Desired image resolution in dots per inch. Relevant only if write_images=True or embed_images=True.
embed_images
bool
default:"False"
Like write_images, but images are included in the Markdown text as base64-encoded strings. Mutually exclusive with write_images — ignores image_path. May drastically increase the size of the Markdown output.
extract_words
bool
default:"False"
Enforces page_chunks=True and adds a "words" key to each page dictionary. Its value is a list of words as delivered by PyMuPDF’s Page.get_text("words"), in the same sequence as the extracted text.
filename
str
Overwrites or sets the desired image file name for written images. Useful when the document is provided as a memory object with no inherent file name.
fontsize_limit
float
default:"3"
Minimum font size to consider for text extraction. Text with a font size below this threshold is excluded. Default of 3 means only text with a font size >= 3 will be extracted.
Controls whether footer text is included in the extraction output.
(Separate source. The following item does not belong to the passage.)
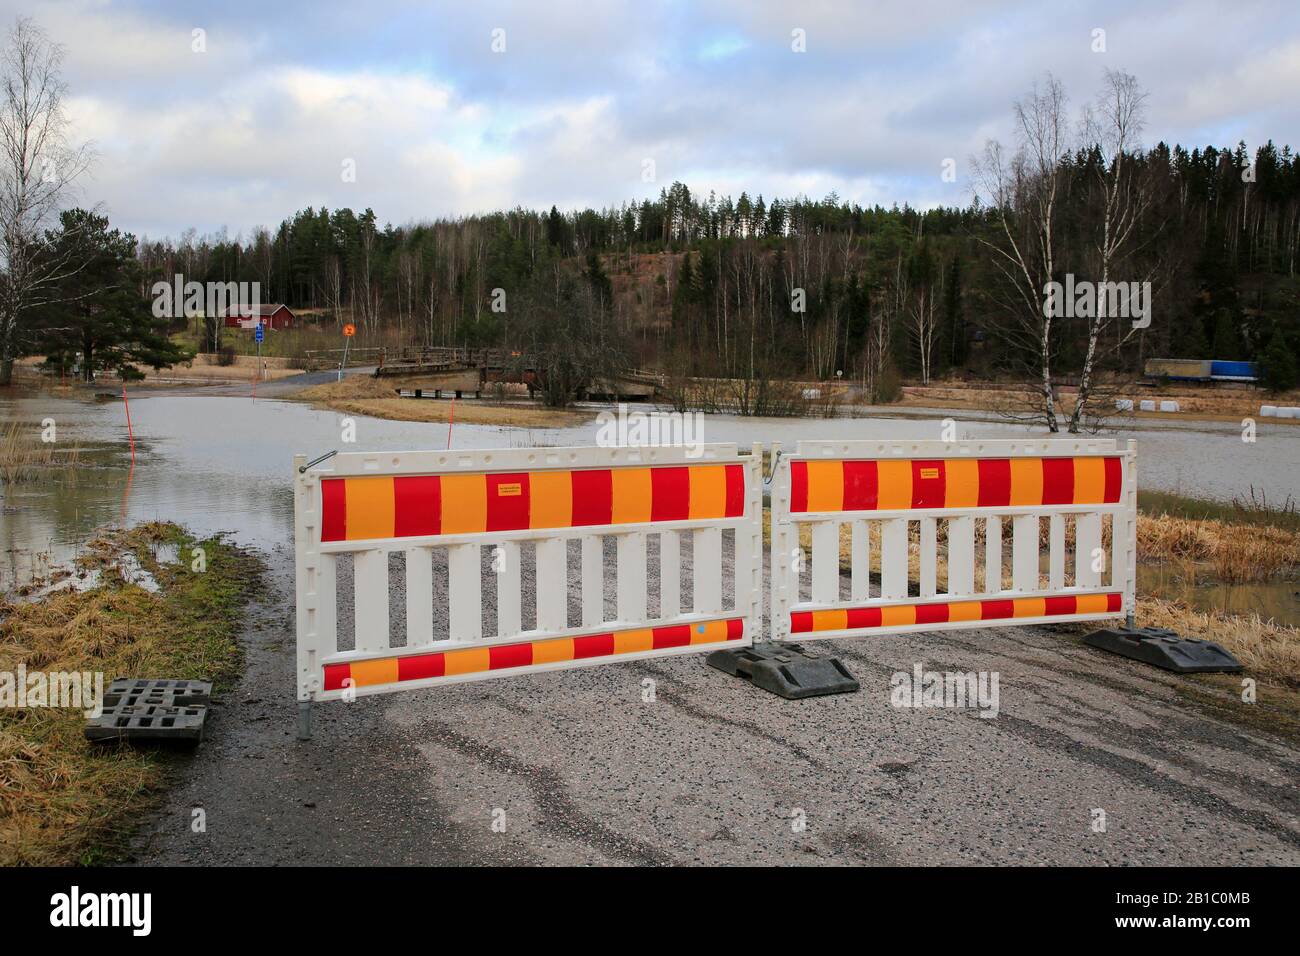 Byroute au large de la Highway 52 fermée en raison de l'inondation de la rivière Perniönjoki en février 2020. Perniö, Salo, Finlande, 23 Février 2020. Banque D'Images

Set to False to omit repetitive footer content that does not add value to the extracted data.
force_ocr
bool
default:"False"
When True, OCR is applied to all pages regardless of their content. Useful for documents known to be image-based that do not meet the default criteria for automatic OCR. When False, OCR is only applied to pages that meet the default criteria.
Requires ocr_function to be specified — an exception will be raised if it is not.
force_text
bool
default:"False"
Generate text output even when text overlaps images or graphics. The overlapping text will appear after the respective image in the output.
graphics_limit
int
Limits processing of vector graphics elements. If the number of vector graphics on a page exceeds this threshold, all vector graphics on that page are ignored. Useful for scientific documents or pages that simulate text via graphics commands, which can contain tens of thousands of objects and cause intolerable runtimes.
hdr_info
callable | object | bool
Custom header detection logic. Accepts a callable or an object with a get_header_id method. Must accept a text span dictionary (as returned by extractDICT) and a keyword argument page (the owning Page object), and must return either "" or a string of up to 6 # characters followed by a space.If None, a full document scan is performed to identify the most popular font sizes and derive header levels from them. To skip header detection entirely, pass hdr_info=False or hdr_info=lambda s, page=None: "".
header
bool
default:"True"
Controls whether header text is included in the extraction output. Set to False to omit repetitive header content that does not add value to the extracted data.
ignore_alpha
bool
default:"False"
When True, includes text that is completely transparent. By default, transparent text is ignored, which usually increases detection accuracy.
ignore_code
bool
default:"False"
When True, monospaced text lines are not given special formatting and no code blocks are generated. Automatically set to True when extract_words=True.
ignore_graphics
bool
default:"False"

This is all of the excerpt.